Page MenuHomePhabricator

LuaSandbox should clean up short_src for multibyte-safe truncation
Closed, DuplicatePublic

Description

We've recently been seeing errors like:

[XkxDVwpAICkAAJlsYmYAAAAC] /wiki/%D0%A4%D1%80%D1%8D%D0%B4%D1%8D%D1%80%D1%8B%D0%BA_%D0%9F%D0%B0%D1%81%D1%96   Exception from line 1570 of /srv/mediawiki/php-1.35.0-wmf.19/includes/resourceloader/ResourceLoader.php: JSON serialization of config data failed. This usually means the config data is not valid UTF-8.

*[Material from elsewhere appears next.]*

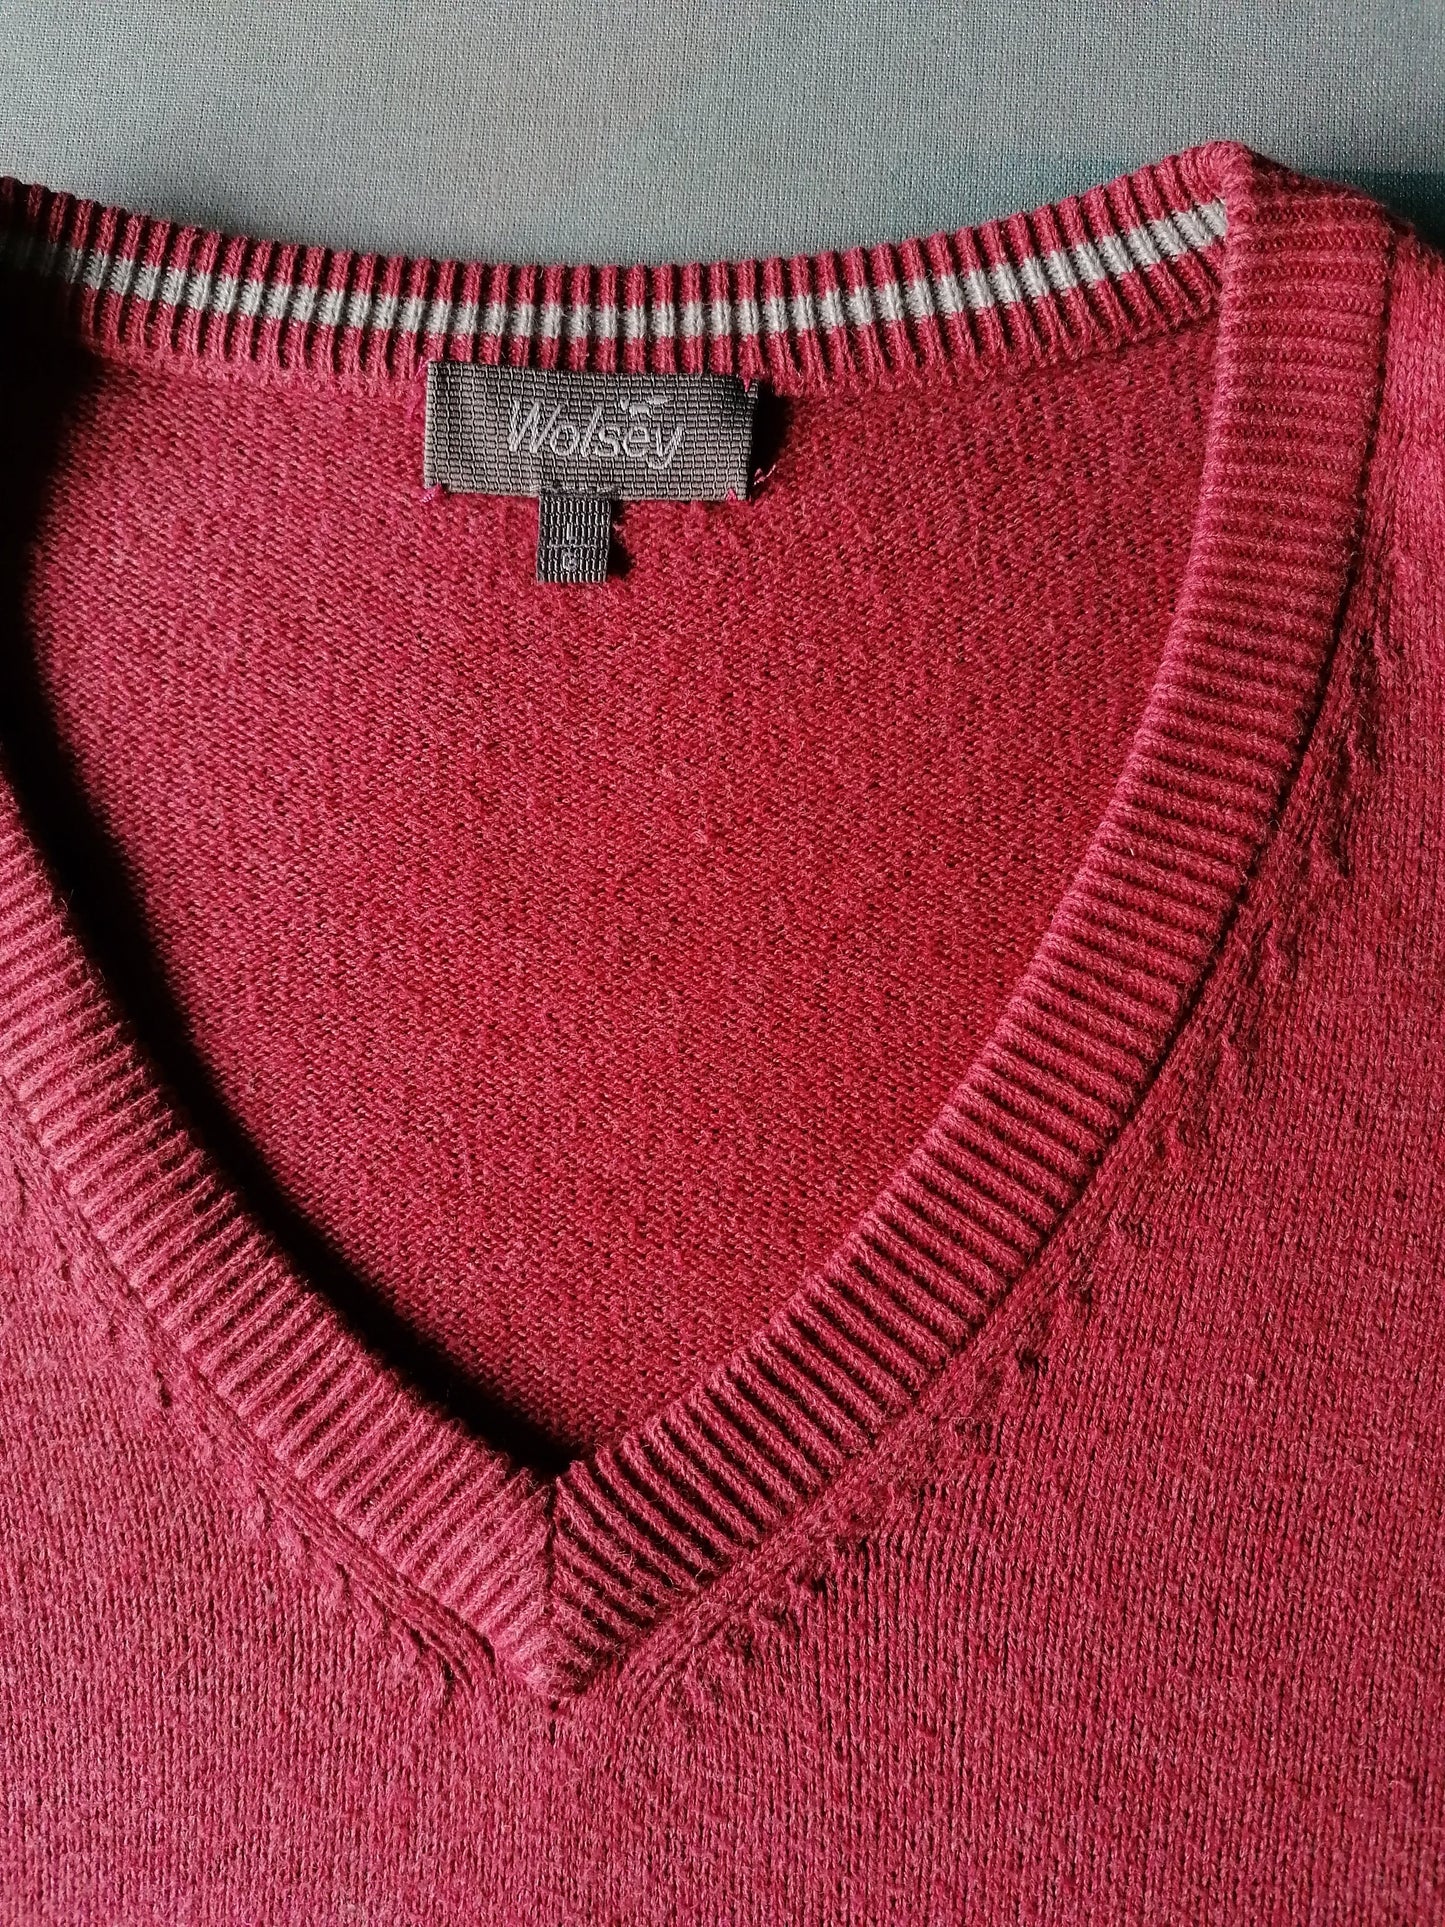 Maglione da wolsey con scollo a V. Dark rosa colorato. Taglia L.

#0 /srv/mediawiki/php-1.35.0-wmf.19/includes/OutputPage.php(3181): ResourceLoader::makeConfigSetScript(array)
#1 /srv/mediawiki/php-1.35.0-wmf.19/includes/skins/Skin.php(687): OutputPage->getBottomScripts()
#2 /srv/mediawiki/php-1.35.0-wmf.19/includes/skins/SkinTemplate.php(459): Skin->bottomScripts()
#3 /srv/mediawiki/php-1.35.0-wmf.19/includes/skins/SkinTemplate.php(217): SkinTemplate->prepareQuickTemplate()
#4 /srv/mediawiki/php-1.35.0-wmf.19/includes/OutputPage.php(2593): SkinTemplate->outputPage()
#5 /srv/mediawiki/php-1.35.0-wmf.19/includes/MediaWiki.php(978): OutputPage->output(boolean)
#6 /srv/mediawiki/php-1.35.0-wmf.19/includes/MediaWiki.php(991): MediaWiki->{closure}()
#7 /srv/mediawiki/php-1.35.0-wmf.19/includes/MediaWiki.php(534): MediaWiki->main()
#8 /srv/mediawiki/php-1.35.0-wmf.19/index.php(47): MediaWiki->run()
#9 /srv/mediawiki/w/index.php(3): require(string)
#10 {main}

This happens because the Scribunto portion of the parser limit report contains invalid UTF-8. The profiler report contains strings like function_name <pagename:123>, which are generated in luasandbox_timer_profiler_hook using short_src, which is a truncated version of the page name. It appears that Lua internally generates this by truncating the page name to 60 bytes, without being aware of multibyte characters. When the truncation splits a multibyte character (which seems like it wouldn't happen because 60 is a multiple of 2, 3 and 4, but it's guaranteed to happen if there's a / in the name), it leaves behind invalid UTF-8, which then causes problems later on, including the exception above.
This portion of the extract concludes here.